The NEMI infrastructure is distributed over 10 regions in the Netherlands, divided into Regional Nodes (offering mid-level EM infrastructure and pilot testing) and a selection of Flagship Nodes (concentrating highly advanced or specialized EM techniques to restricted sites only).

Amsterdam

Description

The EMCA is a collaboration between all Amsterdam life science research institutes, including the Amsterdam UMC (AMC & VUmc), NKI, ACTA and NIN, and is housed at Core facility Cellular Imaging within the department of Medical Biology at the Amsterdam UMC, location AMC. At the EMCA the operators and researchers from the different universities and institutes work on the various TEM and SEM microscopes and have shared work-discussions.

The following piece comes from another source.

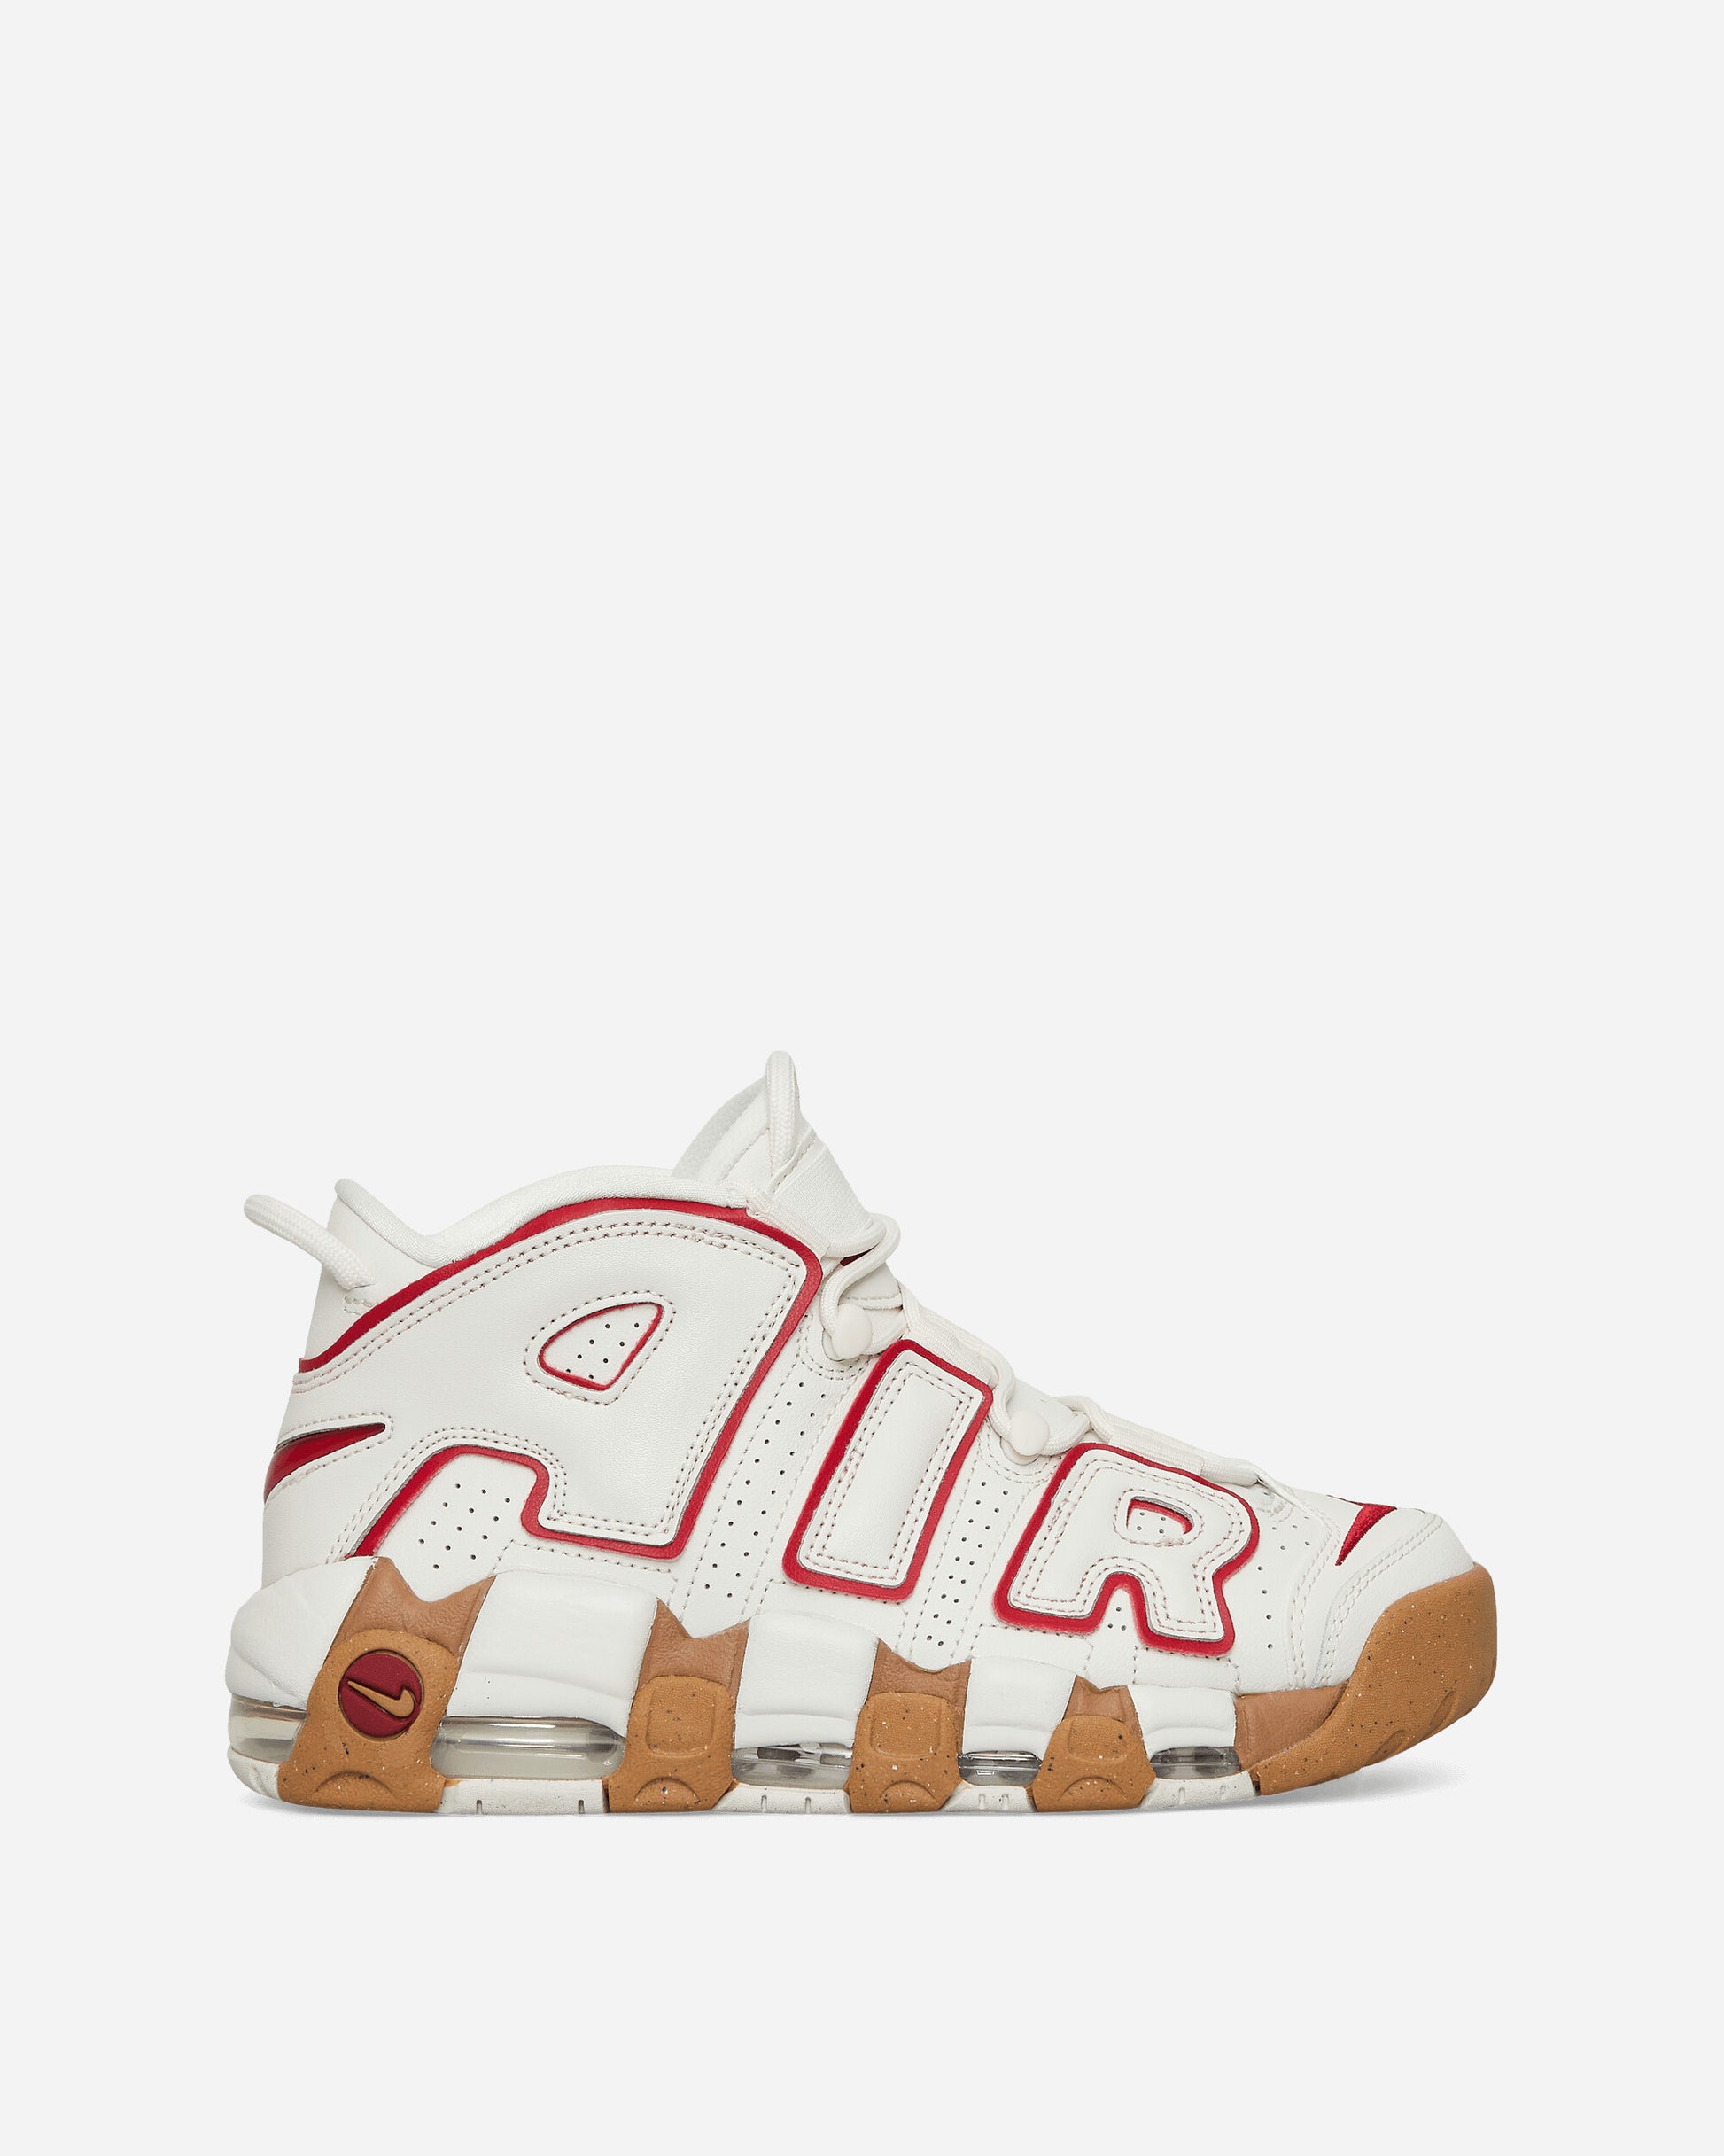 Nike Wmns Air More Uptempo Phantom/Gym Red Sneakers Mid DV1137-002

The shared equipment is paid for by the involved partners as well as by various other academic and industrial users and clients. As such we collaborate with most Amsterdam and various (inter)national research groups and have created an EM knowledge center in Amsterdam. We have long standing expertise in transmission electron microscopy (TEM), scanning electron microscopy (SEM), but also apply new developments such as combined light electron microscopy (CLEM), tomography, immunoEM, and Cryo-EM.

Contact

Techniques

Scanning Electron Microscopy (SEM)

Field Emission Scanning Electron Microscopy is an analytical technique used in biological and material science to investigate surface structures and their properties. The electron beam that hits the specimen at the bottom of the microscope generates secondary and back-scatter electrons. These electrons are detected by various detectors which are selective for these secondary or backscattered electrons. The microscope is equipped with a high resolution in-lens detector, a SE detector and a backscatter detector.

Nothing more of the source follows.